Systems programming language

BLISS is a system programming language developed at Carnegie Mellon University (CMU) by W. A. Wulf, D. B. Russell, and A. N. Habermann around 1970. It was perhaps the best known system language until C debuted a few years later, after which C became common and BLISS faded into obscurity.

BLISS is a typeless block-structured programming language based on expressions rather than statements, and includes constructs for exception handling, coroutines, and macros. It does not include a goto statement.

The name is variously said to be short for Basic Language for Implementation of System Software or System Software Implementation Language, Backwards. However, in his 2015 oral history for the Babbage Institute's Computer Security History Project, Wulf claimed that the acronym was originally based on the name "Bill's Language for Implementing System Software."

The original Carnegie Mellon compiler was notable for its extensive use of optimizations, and formed the basis of the classic book The Design of an Optimizing Compiler.

Digital Equipment Corporation (DEC) developed and maintained BLISS compilers for the PDP-10, PDP-11, VAX, DEC PRISM, MIPS, DEC Alpha, and Intel IA-32, The language did not become popular among customers and few had the compiler, but DEC used it heavily in-house into the 1980s; most of the utility programs for the OpenVMS operating system were written in BLISS-32. The DEC BLISS compiler has been ported to the IA-64 and x86-64 architectures as part of the ports of OpenVMS to these platforms. The x86-64 BLISS compiler uses LLVM as its backend code generator, replacing the proprietary GEM backend used for Alpha and IA-64.

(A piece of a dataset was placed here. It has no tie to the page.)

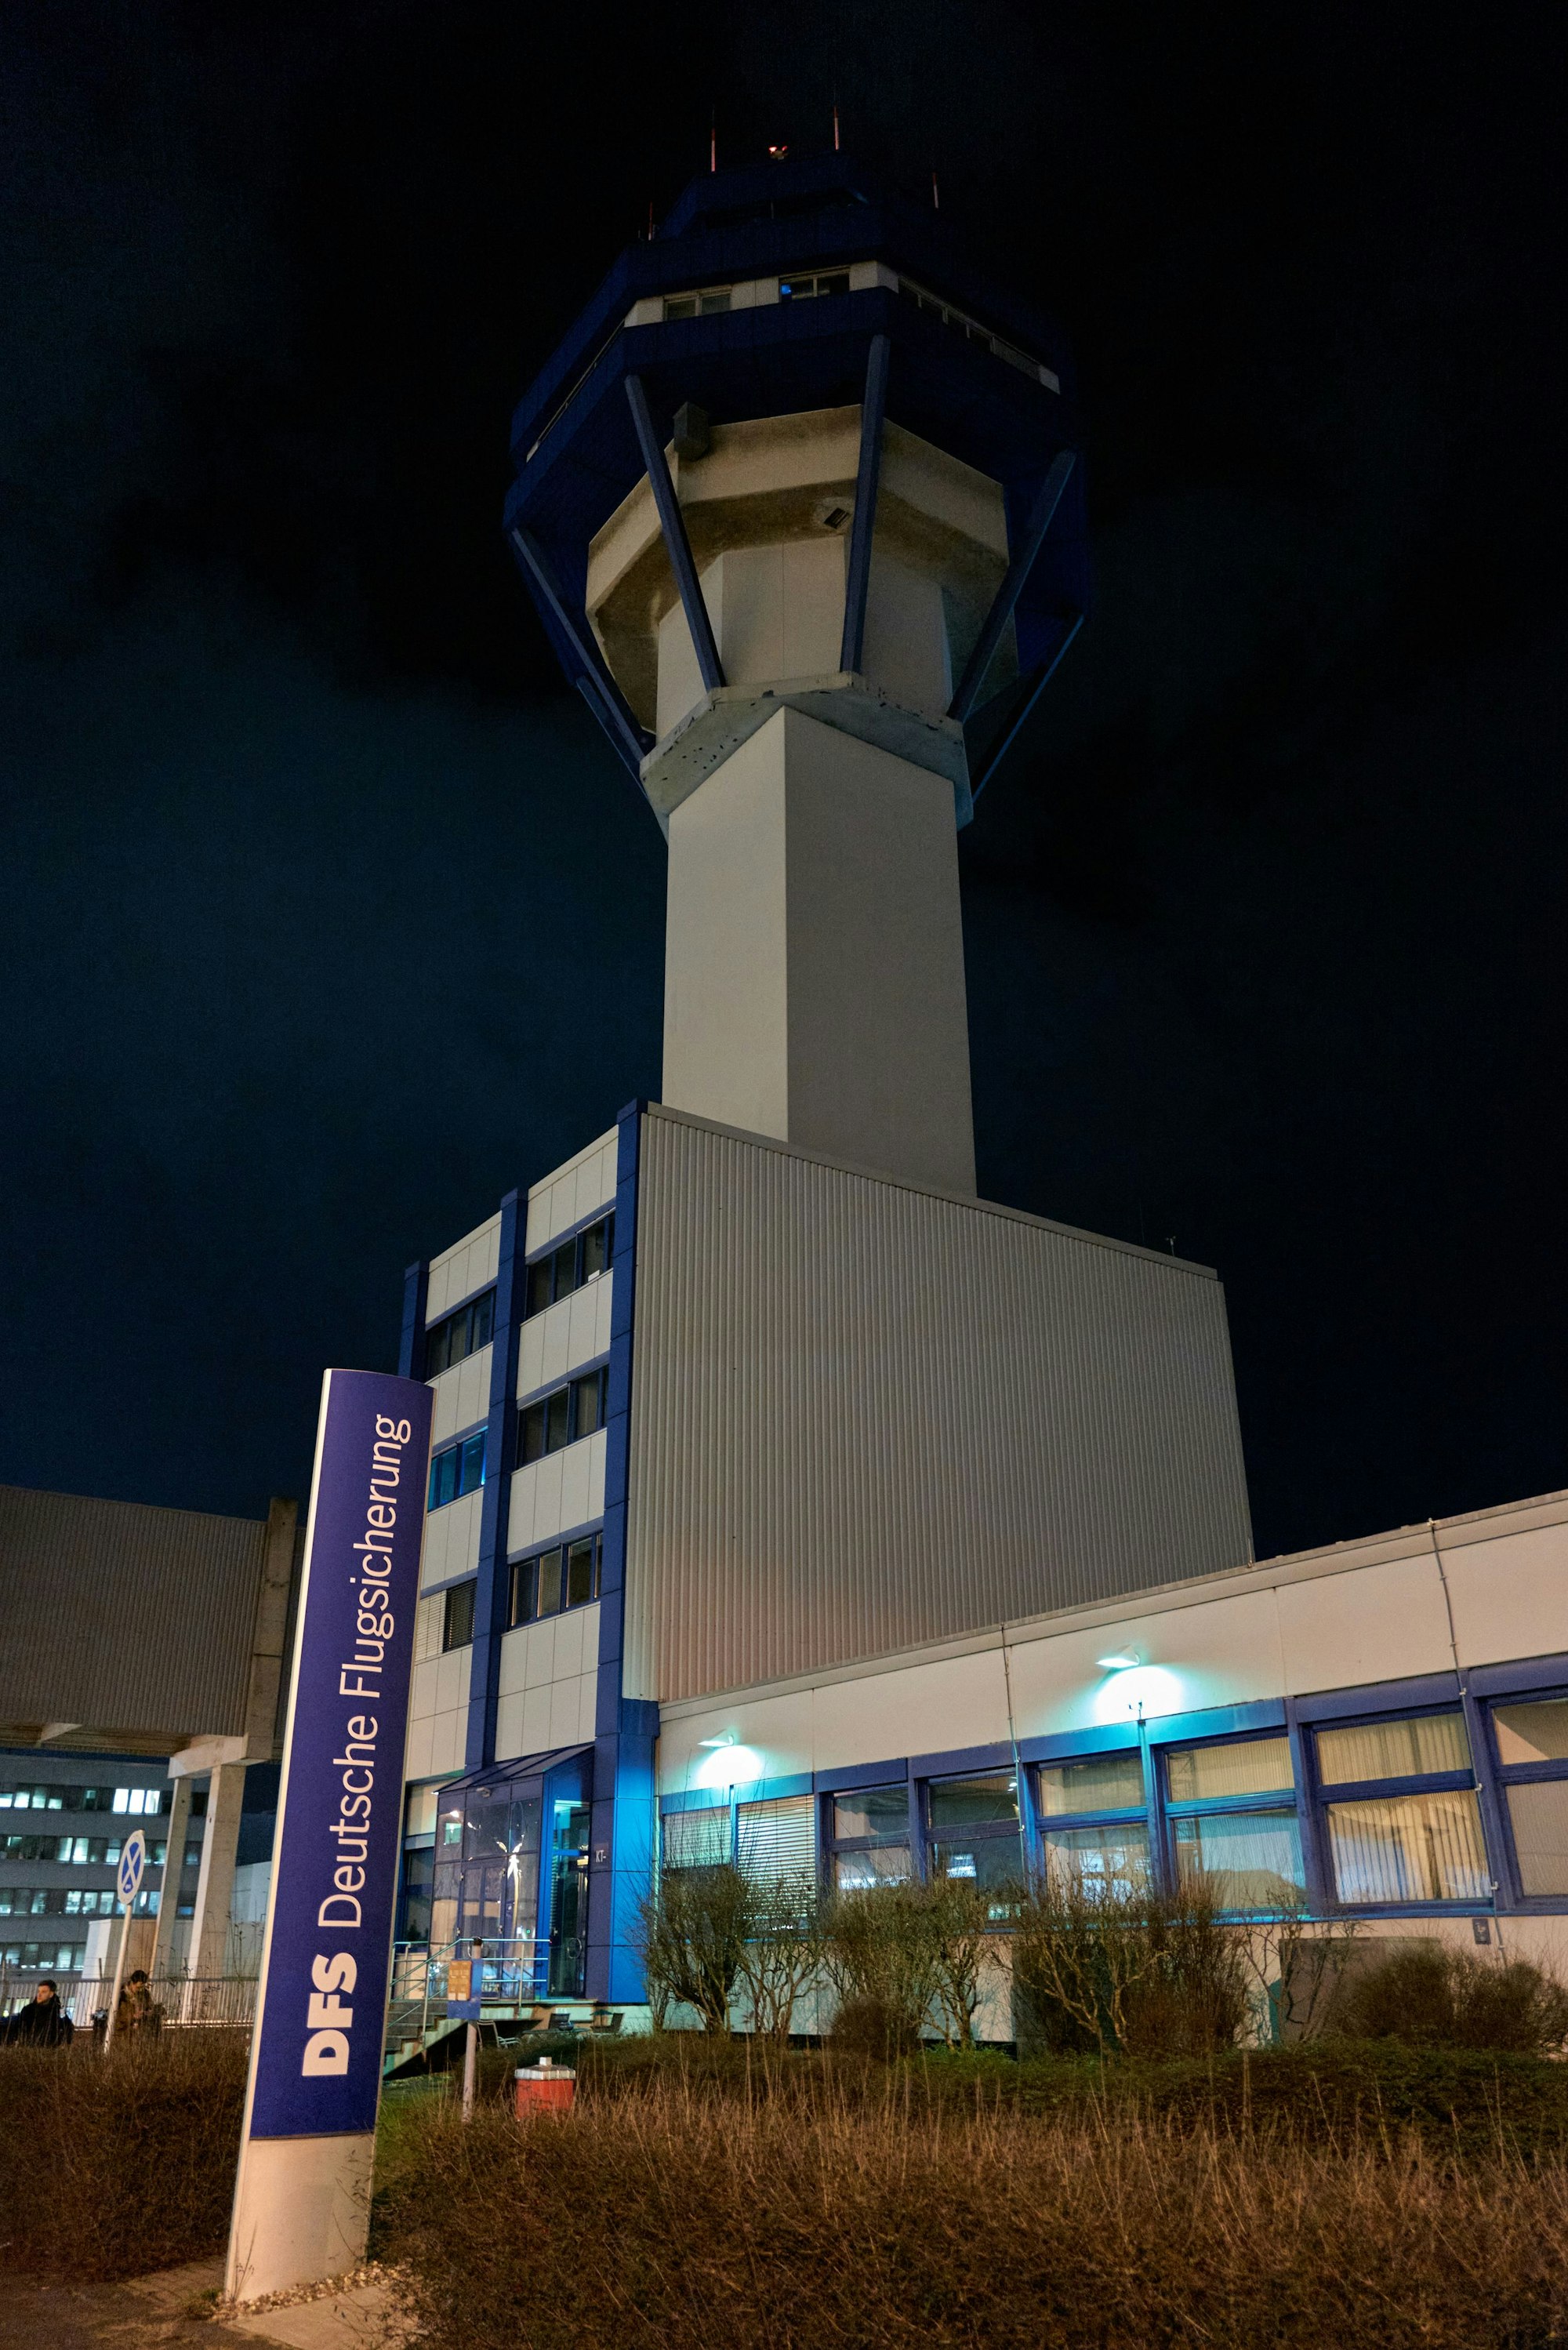 09.02.2023, Flughafen Köln-Bonn: Wir dokumentieren, was nachts auf dem Flughafen passiert. Der „neue“ Tower der DFS, Deutsche Flugsicherung. Foto: Christian Festag

== Language description ==

BLISS has many of the features of other modern high-level languages. It has block structure, an automatic stack, and mechanisms for defining and calling recursive routines ... provides a variety of predefined data structures and ... facilities for testing and iteration ...

On the other hand, BLISS omits certain features of other high-level languages. It does not have built-in facilities for input/output, because a system-software project usually develops its own input/output or builds on basic monitor I/O or screen management services ... it permits access to machine-specific features, because system software often requires this. BLISS has characteristics that are unusual among high-level languages. A name ... is uniformly interpreted as the address of that segment rather than the value of the segment ... Also, BLISS is an "expression language" rather than a "statement language".

The BLISS language has the following characteristics:

- All constants are full word for the machine being used, e.g. on a 16-bit machine such as the PDP-11, a constant is 16 bits; on a VAX computer, constants are 32 bits, and on a PDP-10, a constant is 36 bits.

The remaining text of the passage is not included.